§ WORK INSTRUCTION
A faithful copy of the data is the goal; set it down exactly, without the images.

§ STORED DATA

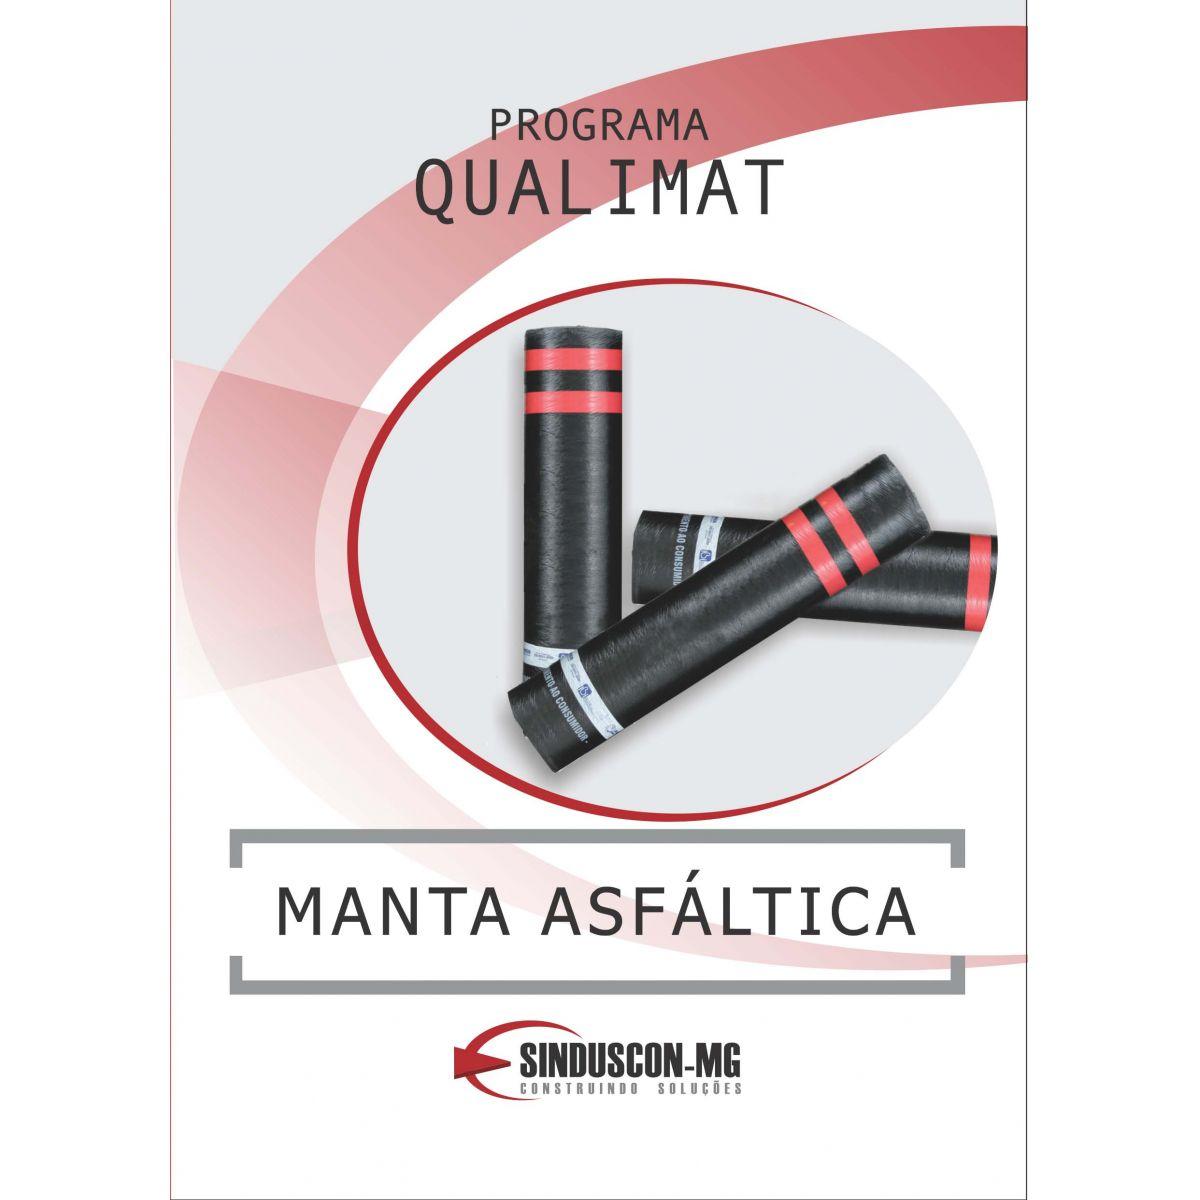 Programa Qualimat - Manta Asfáltica
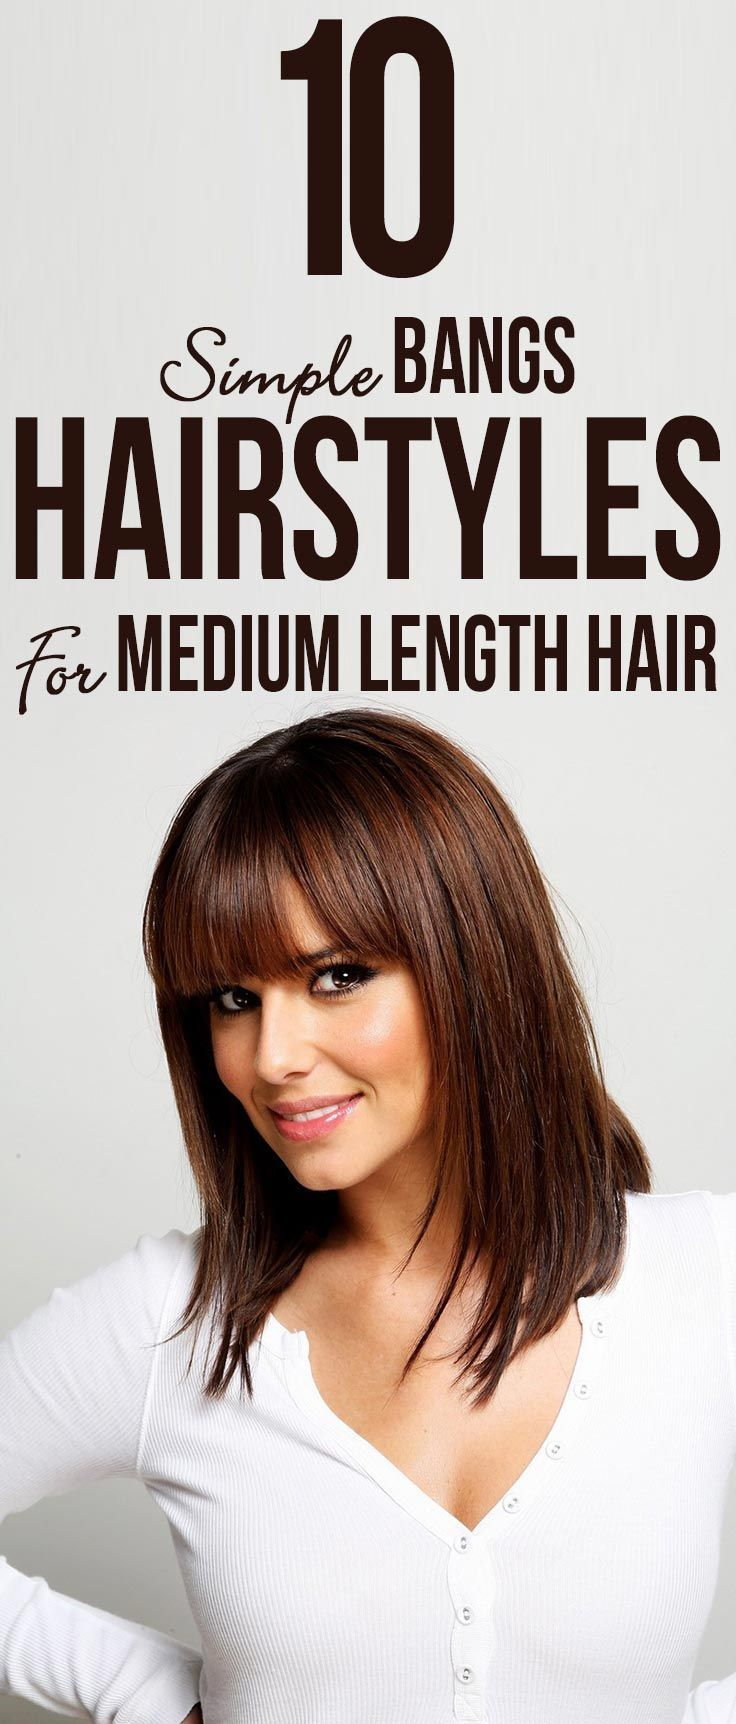 10 Simple Bangs Hairstyles For Medium Length Hair | Medium hair styles, Short hair styles, Hair ...
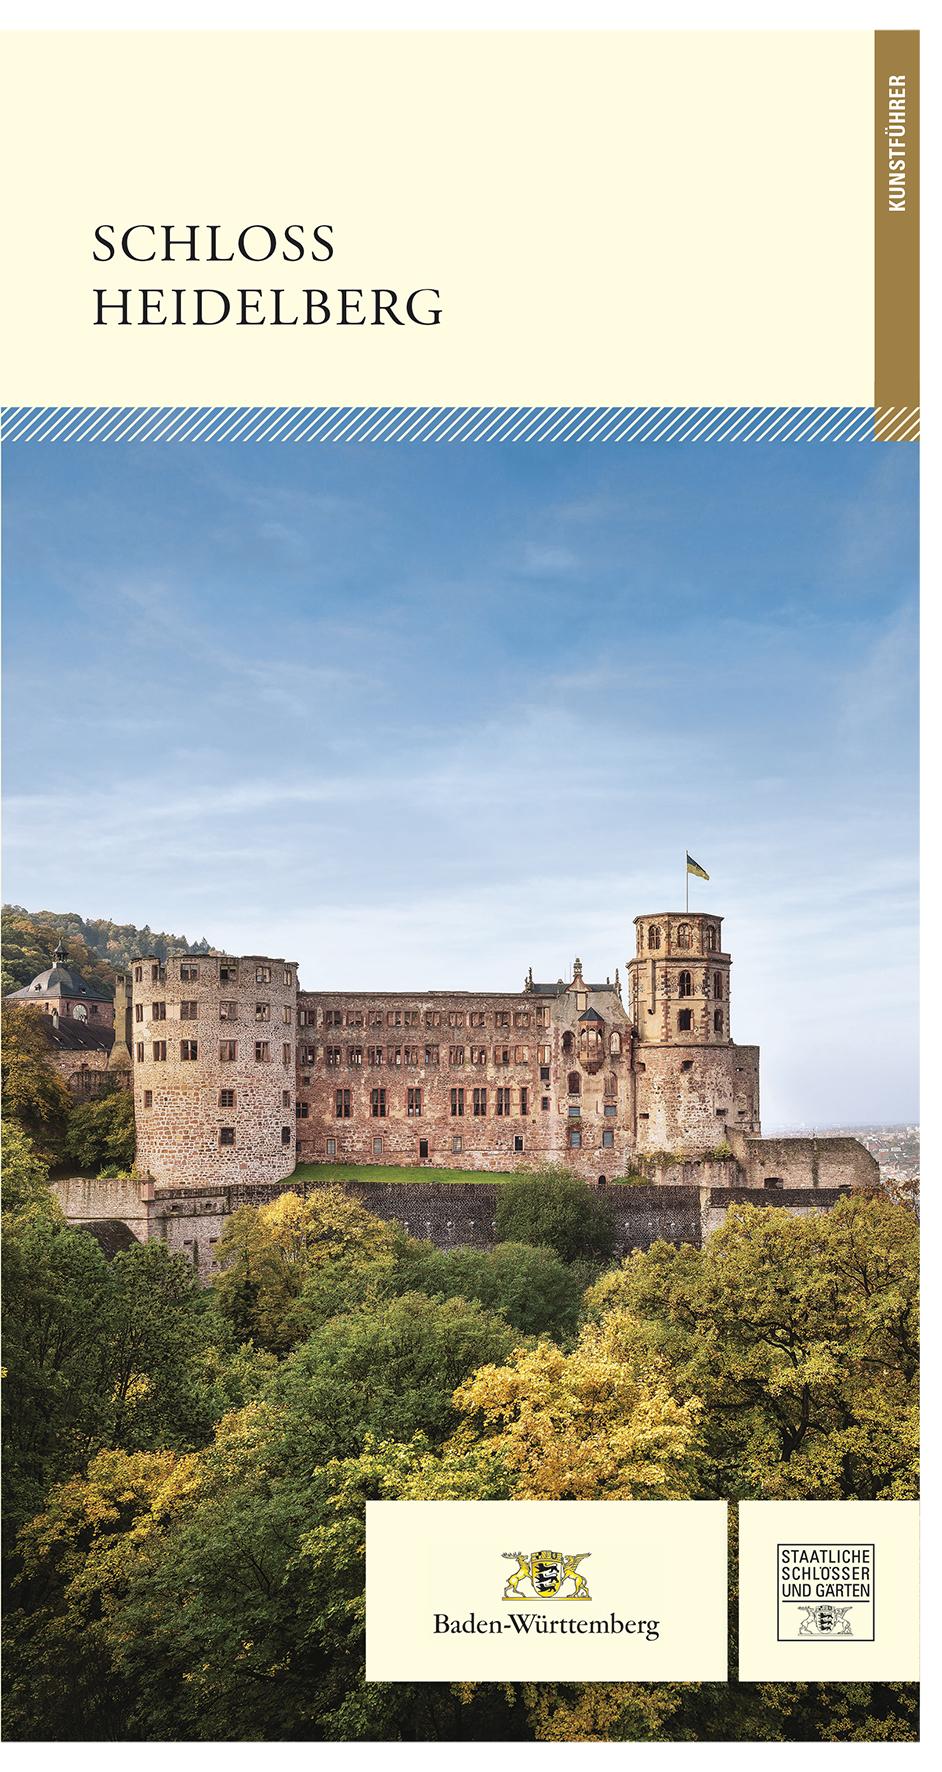 Schloss Heidelberg_Umschlag_aktuell.qxp_Layout 1

§ OUTPUT
 Programa Qualimat - Manta Asfáltica
 10 Simple Bangs Hairstyles For Medium Length Hair | Medium hair styles, Short hair styles, Hair ...
 Schloss Heidelberg_Umschlag_aktuell.qxp_Layout 1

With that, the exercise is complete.